Klassizität aufgrund anhaltender Forschungsrelevanz ist die höchste Form der Geltung, die Resultate geisteswissenschaftlicher Arbeit erlangen können. Dass ein solcher Geltungsstatus nicht nur Monographien vorbehalten bleibt, sondern mit dem Formatvorteil der zügigeren Rezipierbarkeit von Aufsätzen auch von substantiellen Sammelwerken erlangt werden kann – eben dies hat die Forschungsgruppe Poetik und Hermeneutik wie kein anderes Kollektivunternehmen der jüngeren Vergangenheit unter Beweis gestellt. Es ist denn auch ganz unnötig und im Aspekt wissenschafts-historiographischer Triftigkeit kontraproduktiv, den Rang und die Wirkungsmacht ihrer zum Druck gelangten Ergebnisse durch abwegige Vergleiche in die Hohe zu schrauben. Auf dem rückseitigen Cover des Interviewbandes geschieht dies ärger-licherweise durch die Behauptung, dass die Forschungsgruppe und ihre Mitglieder „die geistes- und kulturwissenschaftliche Landschaft der alten Bundesrepublik“ geprägt hätten „wie vielleicht sonst nur noch die Kritische Theorie“. Dass dies Unsinn ist, lässt sich schon mit dem schlichten Mittel einer Google-Recherche demonstrieren: Bestenfalls mittelstarken 35.000 Treffern für „Poetik und Hermeneutik“ stehen über 500.000 Treffer für „Kritische Theorie“ gegenüber. Aber es geht insoweit auch gar nicht vorrangig um quantitativ messbare Impactunterschiede. Der offensichtlich gut, verkaufsfördernd nämlich gemeinte Vergleich verwischt vielmehr die durchaus wichtige Tatsache, dass es den Initiatoren und Protagonisten von Poetik und Hermeneutik um wissenschaftsintern innovationsträchtige Synergien, keineswegs aber um die Generierung eines auch oder sogar vorwiegend wissenschaftsextern brauchbaren Orientierungsvokabulars ging, dem entlang sich politisch relevante Identitäten hätten for-mieren und Aufsehen erregende Zeitdiagnosen formulieren lassen.

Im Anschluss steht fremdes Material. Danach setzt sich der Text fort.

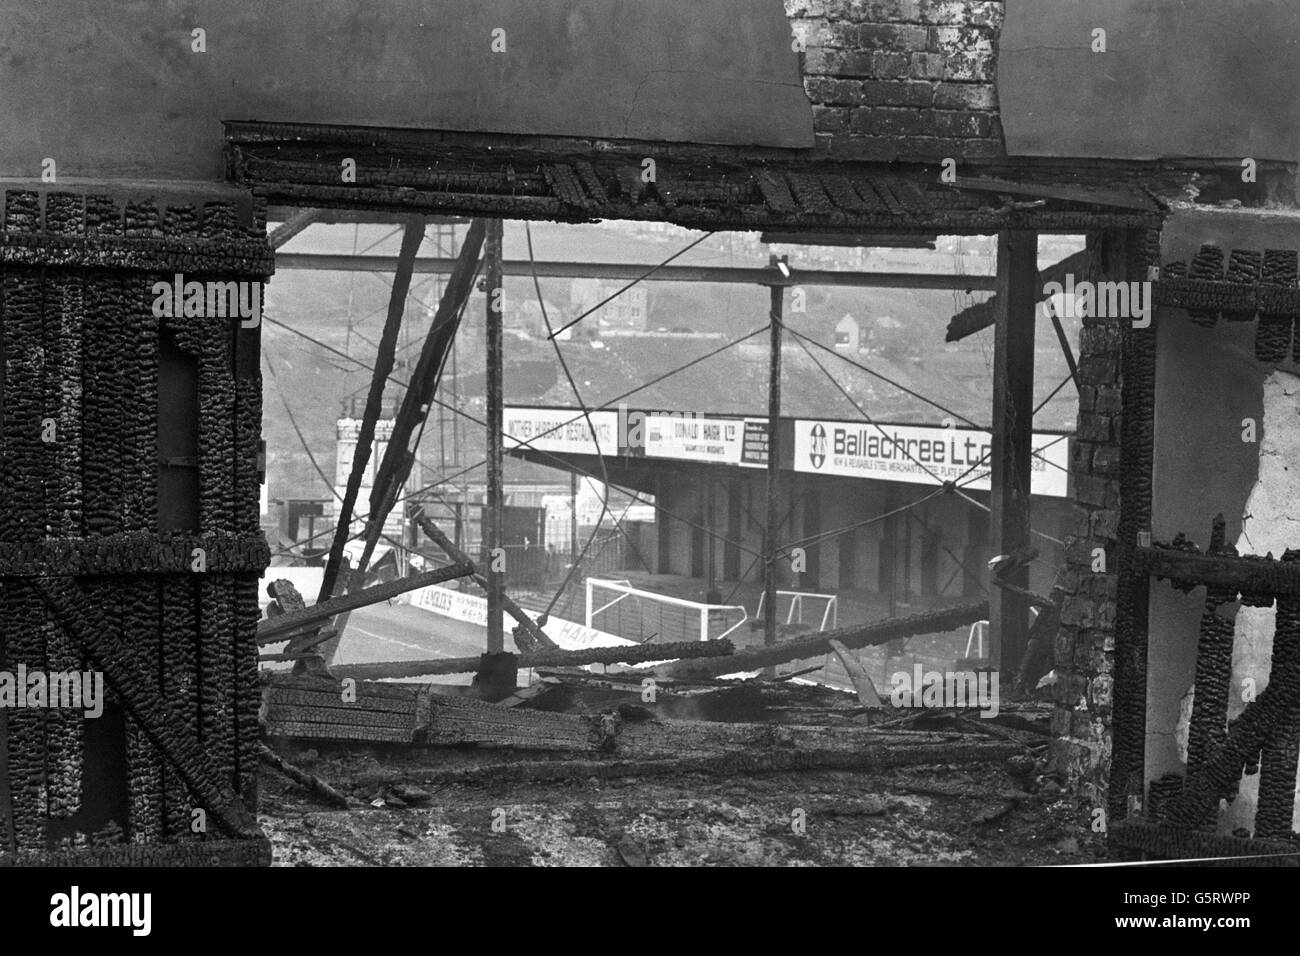 Charred exit gates in the main stand at Bradford City's Valley Parade stadium, where 56 people died and 265 were injured as a fire swept the packed stand just before half-time of the game against Lincoln City. Stock Photo

In den 17 Interviews des Bandes – sie wurden in der Zeit zwischen November 2013 und April 2016 aufgezeichnet und von den Interviewten vor Drucklegung redigiert – wird dies denn auch durchweg mit schöner Nüchternheit deutlich. Man erfährt überhaupt viel aus diesen Gesprächen, und es ist der besondere Reiz ihrer Sammlung, dass dies in der multiperspektivischen Brechung durch je persönliche Erinnerungen und Einschätzungen geschieht. Im Umgang mit den Auskünften der noch Lebenden unter den ehedem Beteiligten ist also Beziehungssinn gefordert und Sinn für Divergenzen, Ambivalenzen und subtile Schattierungsunterschiede allemal.
Da ist zum Beispiel das Thema der Arbeitsatmosphäre der Kolloquien: Die Romanisten Rainer Warning und Karlheinz Stierle, beide Jahrgang 1936 und als Jauß-SchUler von Anfang an dabei, erinnern sich harmonischer Gespräche, ja eines intellektuellen Festes unter Gleichen, getragen durch „eine Art Grundkonsens des Respekts oder dessen, was die Franzosen honnêteté nennen. Man wusste, dass jeder Einzelne sich in seiner Disziplin bereits bewährt hatte, und jeder war eine Stimme im Ganzen“ (33). Für Renate Lachmann hingegen, auch sie Jahrgang 1936, anders als Stierle und Warning jedoch erst seit Anfang der 1980er Jahre zunächst gastweise Gruppenmitglied und schließlich die einzige „Archontin“ des Kreises, herrscht die Erinnerung an „etwas Förmliches, Zeremonielles“ und zugleich Agonales vor: „Bis ich kapiert hatte, dass man sich gleich melden muss, damit man überhaupt drankam! Als ich beim ersten Mal dachte, dass jetzt die Diskussion anfange, hatten sich alle schon gemeldet! Und es war natürlich wichtig, in welcher Reihenfolge wer was zu sagen hatte und wie wichtig die Leute waren. Mir kamen alle ungemein wichtig vor, als ich zum ersten Mal dabei war. Mir schien, dass sie sich auch selbst recht wichtig nahmen; ja, sie haben sich durchaus als Elite empfunden. Auch Konkurrenz lag in der Luft“ (289). Freilich unterstreicht Lachmann auch die epistemische Produktivität dieses zum nochmaligen Durchleben von „Examensgefühle[n]“ Anlass gebenden Gesprächsklimas: „Man hat sich wahnsinnig angestrengt und war bemüht, ganz präzise zu formulieren“ (289f.).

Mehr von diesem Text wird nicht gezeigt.